▶ [Task description] One part of the entries below is wanted: the lines from the one containing "Ben Brown | BB 3980-20 Black shoe" through the one containing "K10 リング 指輪 ダイヤモンド". Write those out exactly and nothing else.

▶ [Given information]
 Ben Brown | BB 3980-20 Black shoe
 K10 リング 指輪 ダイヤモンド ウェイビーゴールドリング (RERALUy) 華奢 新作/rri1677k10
==
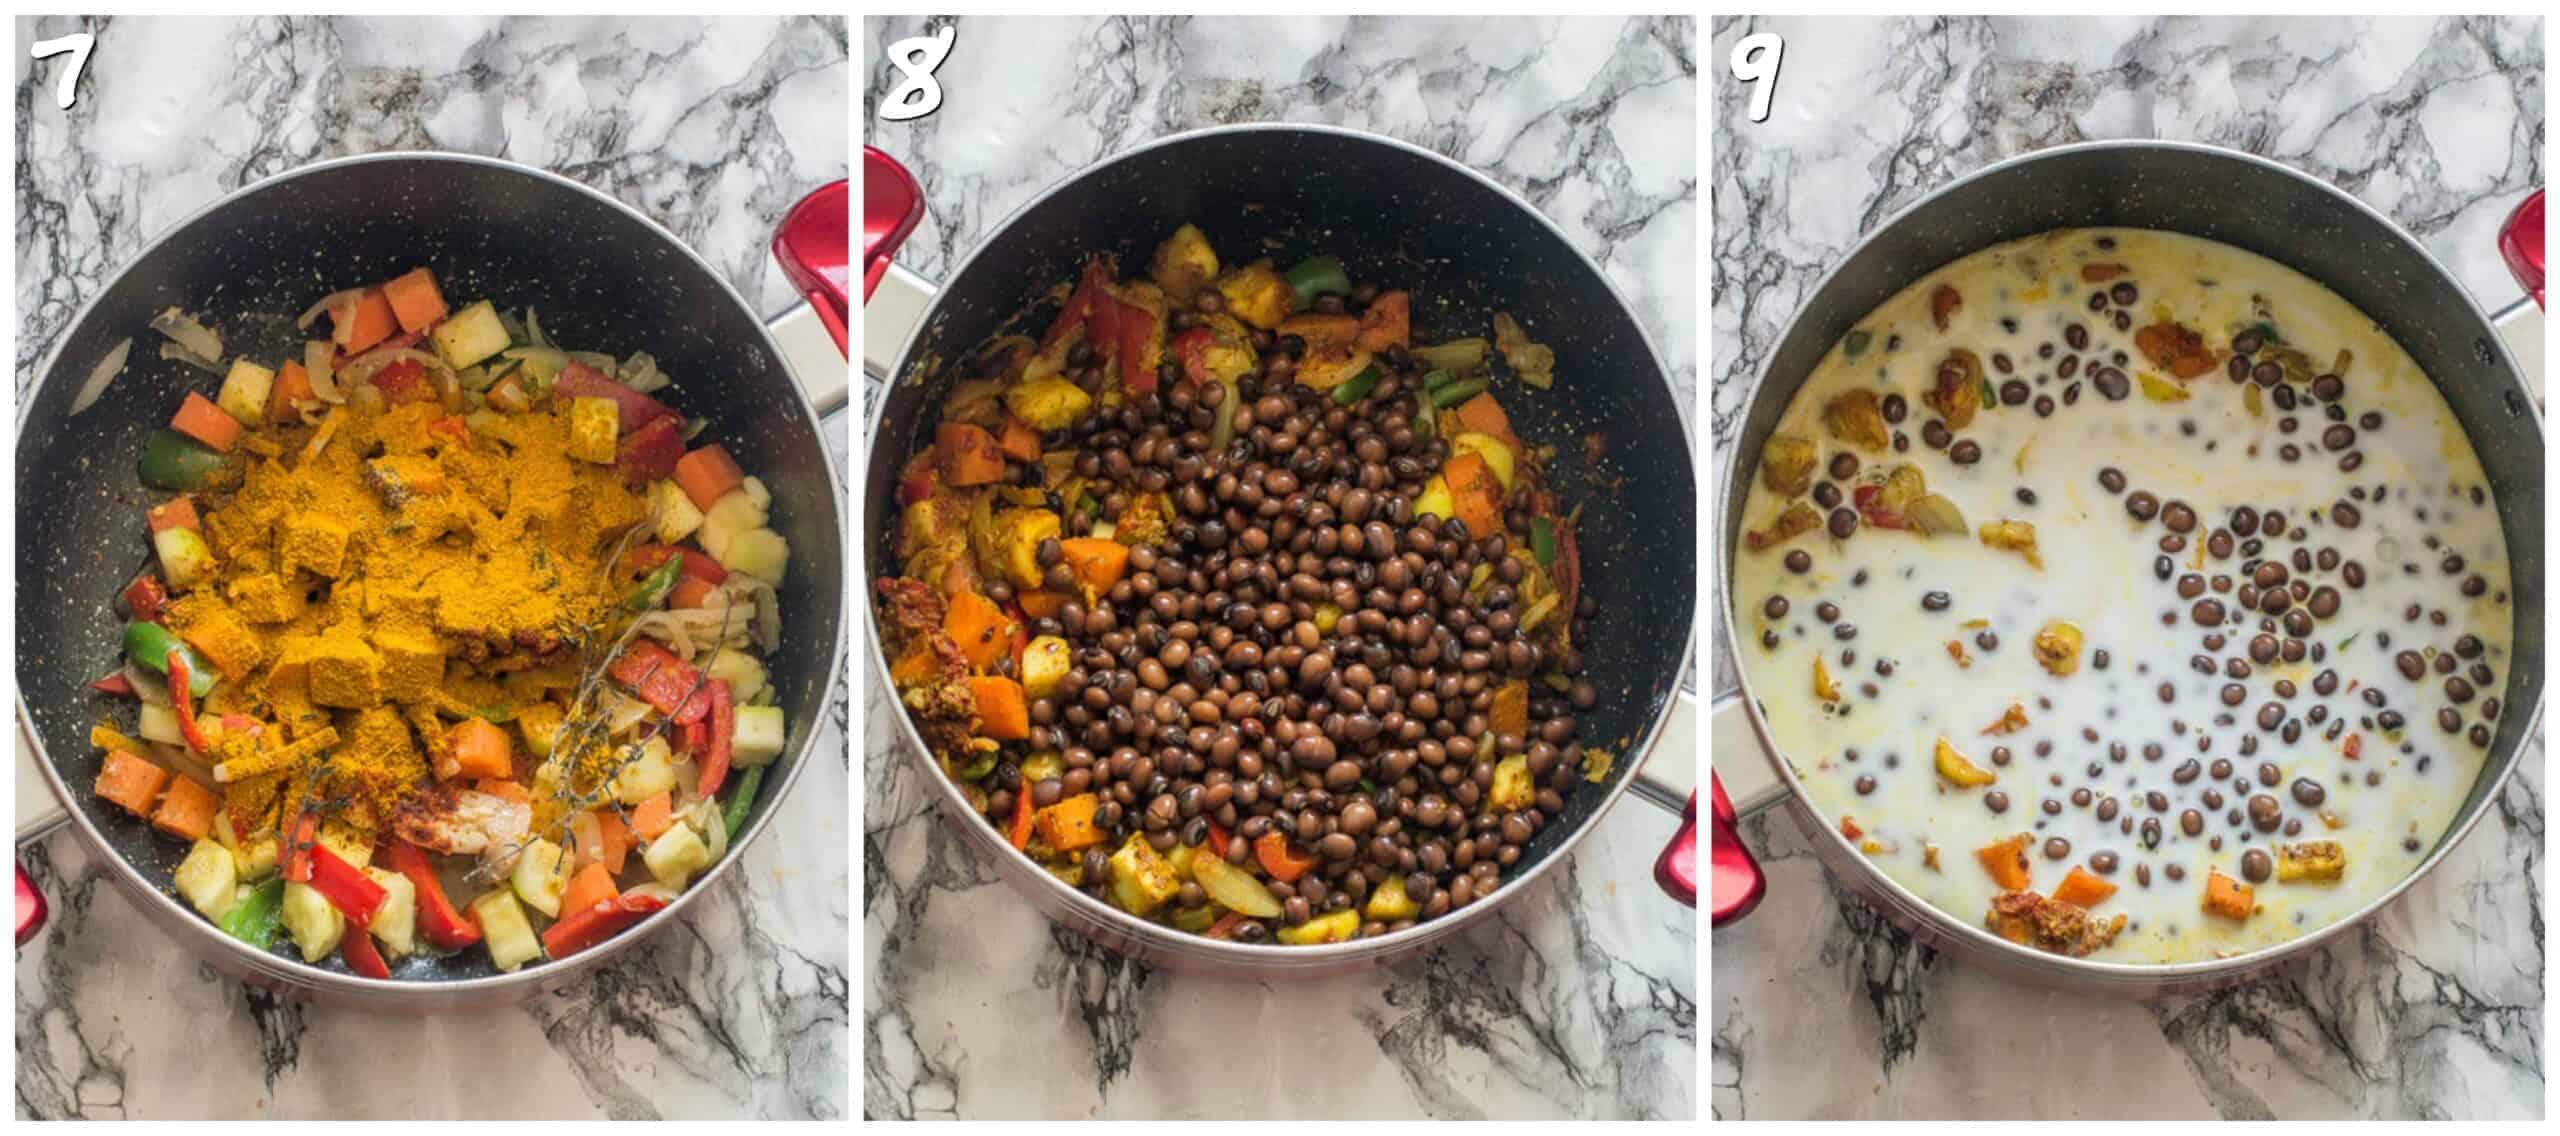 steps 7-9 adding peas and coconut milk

▶ [Result]
 Ben Brown | BB 3980-20 Black shoe
 K10 リング 指輪 ダイヤモンド ウェイビーゴールドリング (RERALUy) 華奢 新作/rri1677k10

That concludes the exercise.